Exercise requirements
Among the lines below, take the one holding "Oasis Maui Leather", the one holding "Siemens 6EP4134-0GB00-0AY0 Unterbrechungsfreie", and all lines between them. Set them down exactly.

Data shown
Segment Open

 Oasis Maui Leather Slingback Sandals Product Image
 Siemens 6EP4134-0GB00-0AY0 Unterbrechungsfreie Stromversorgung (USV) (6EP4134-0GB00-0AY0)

Segment Closed
Segment Open

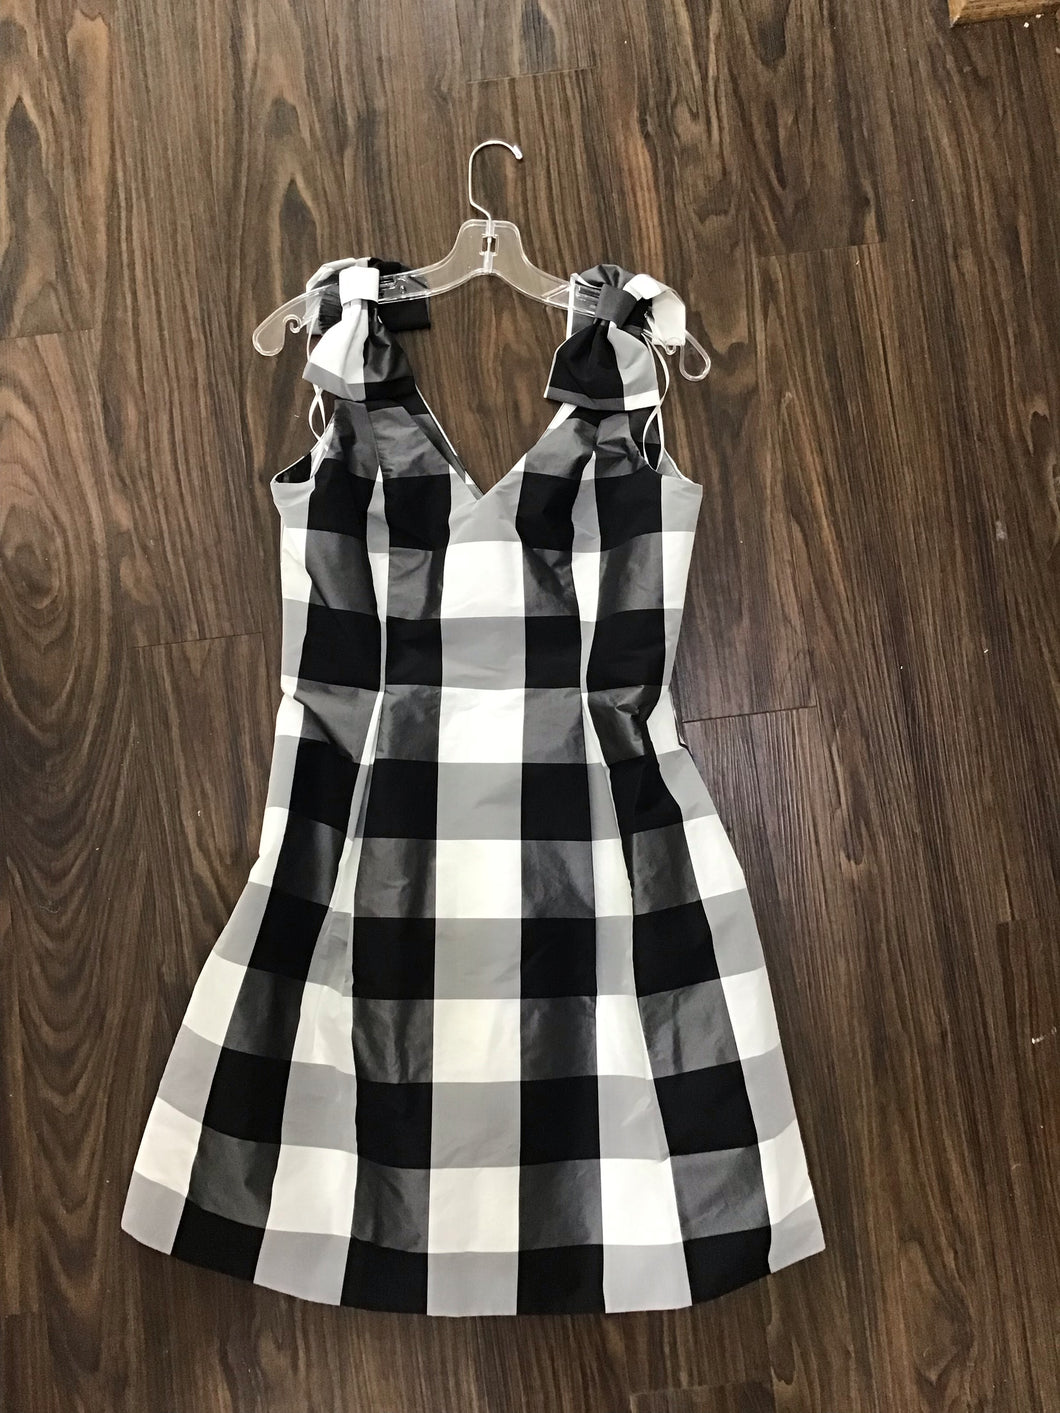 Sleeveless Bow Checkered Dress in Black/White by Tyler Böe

Segment Closed
Segment Open

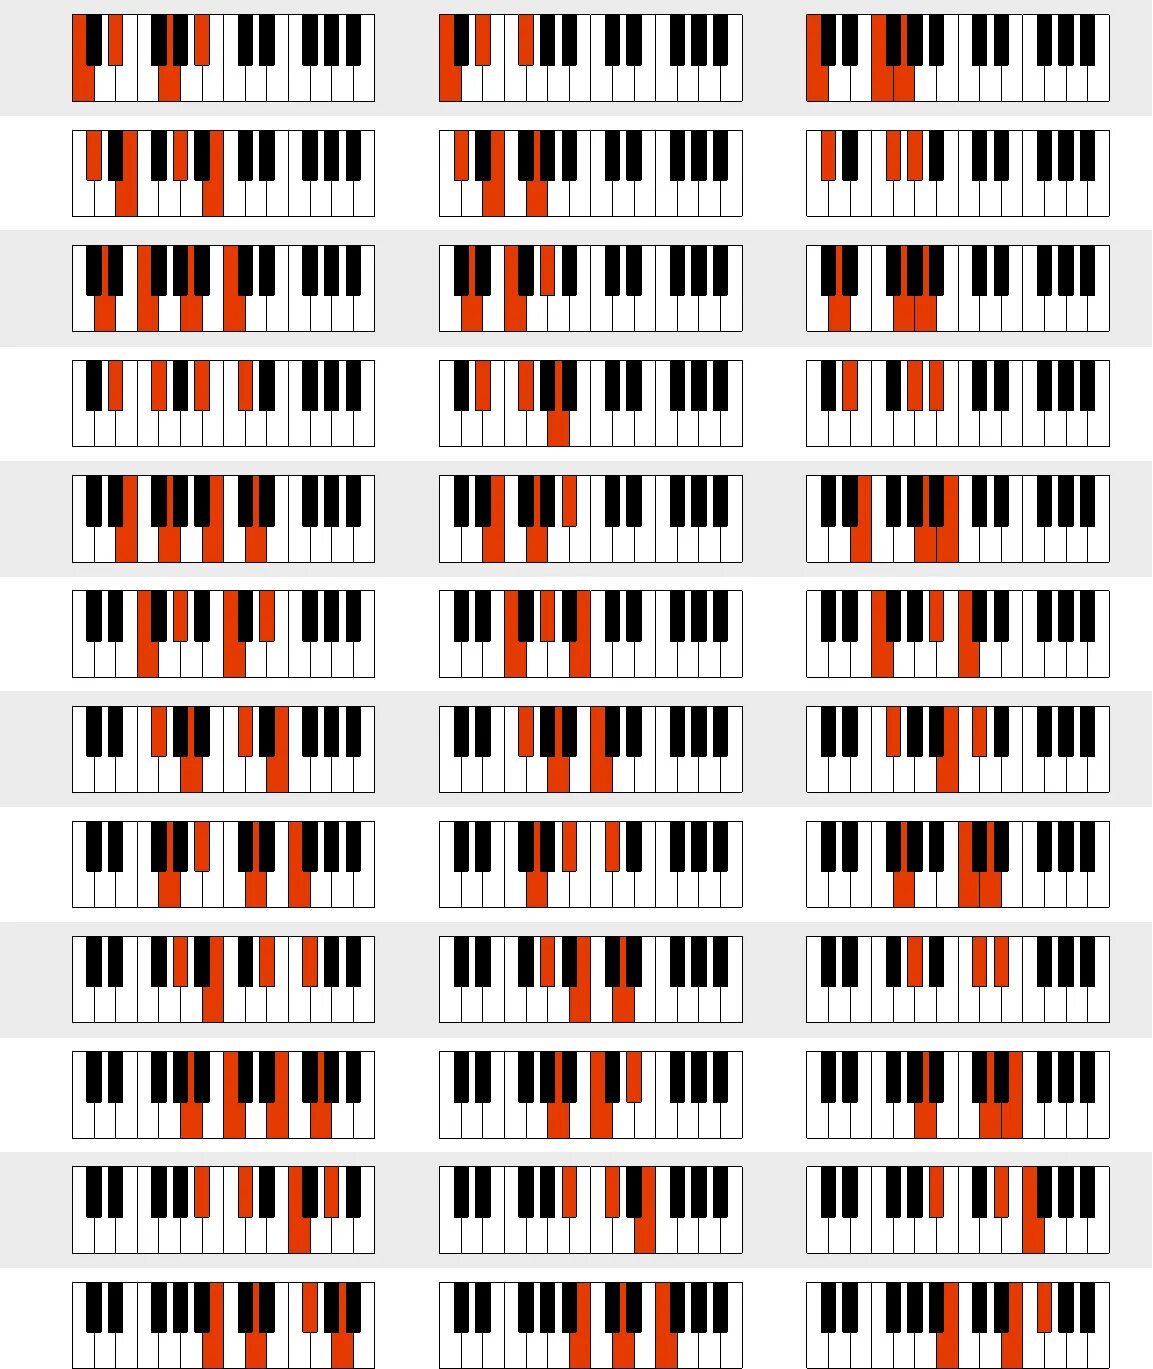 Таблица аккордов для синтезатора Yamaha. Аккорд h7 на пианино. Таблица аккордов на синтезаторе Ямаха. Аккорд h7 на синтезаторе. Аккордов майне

Segment Closed

Written response
 Oasis Maui Leather Slingback Sandals Product Image
 Siemens 6EP4134-0GB00-0AY0 Unterbrechungsfreie Stromversorgung (USV) (6EP4134-0GB00-0AY0)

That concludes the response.